The results are blatantly evident. For those who think we can go back to the good old days, we must only realize that the difference lies in the non-existence of firms like Lehman brothers.
Capitalism is a great concept- Capital markets are great devices to raise money from common people- money that no government can raise. Any amount of bail-out can never equal the capital raised from investors. And investors' decision to invest and contribute to a company's growth (or the lack of it ?!) depends on one simple thing: trust. During some times trust means huge profits, other times it means no losses. But when trust takes a hit like it happened when the speculation boosted bull market suddenly collapsed, it takes ages to restore. And trust has its own way of spreading- like a deadly contagious disease. Most invest not because their technical/ fundamental analysis reveals a stock is under/ over valued; most invest because many others are investing. Similarily, most stop investing because others do the same. The importance of trust can be illustrated by the best of mathematicians'/ bankers'/astrologers (!)/ anyone-for-that-matter's inability to arrive at a fair value for any asset (stocks). However accurate your cash flow
predictions are, you cannot predict the intrinsic value of an asset/ stock. People's perception cannot be quantified. If there were some means of doing it, there would be no trading in this world, no exchange and no secondary market. It is quite amusing at this point to think whether it would have been good or bad if it were so !

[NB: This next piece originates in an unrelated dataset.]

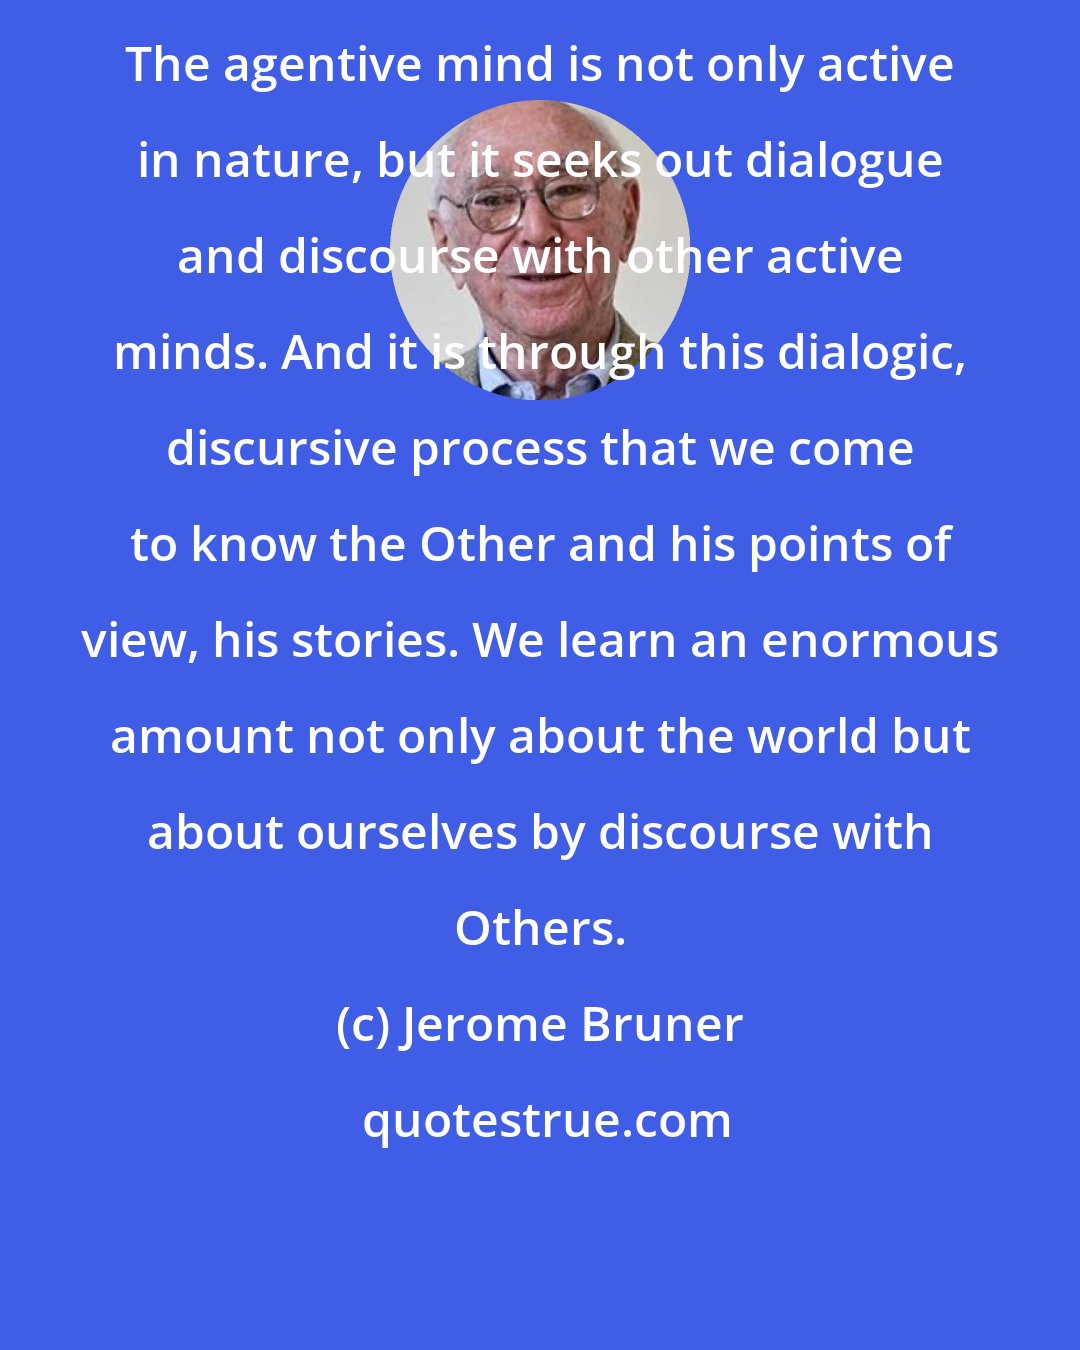 Jerome Bruner: The agentive mind is not only active in nature, but it seeks out dialogue and discourse with other active minds. And it is through this dialogic, discursive process that we come to know the Other and his points of view, his stories. We learn an enormous amount not only about the world but about ourselves by discourse with Others.

With the kind of sudden losses incurred, investors are as far from capital markets as they can be. They are hanging on to their money stronger than ever. With consumers' money out of the market, nothing can move forward. Any government measures like a bail out or printing money or buying treasuries to inject liquidity into the market will only be a temporary solution. The need of the time is to make sure investor confidence is restored. It is a real test to governments. Governments' act of cutting interest rates may prompt lenders to withdraw money from banks but cannot guarantee that they will spend more. You can take a horse to the water, but you cannot make him drink !
So the answer to the question- "When will things be normal again?" is, when investors start investing again. There are those who play the market intelligently to book profits. They made speculations that made stocks appreciate and they profited. Now they are shorting to realize profits in the downhill. It was a bunch of jokers who introduced us to recession and another bunch of jokers taking us deeper into it. We need a white knight to fight these jokers and instill trust in capital markets so people can start investing again when things are not widely over-valued or under-valued. And to prevent these things from happening, we need to realize that common sense - which is unfortunately uncommon - prevails where the most advanced of math fails.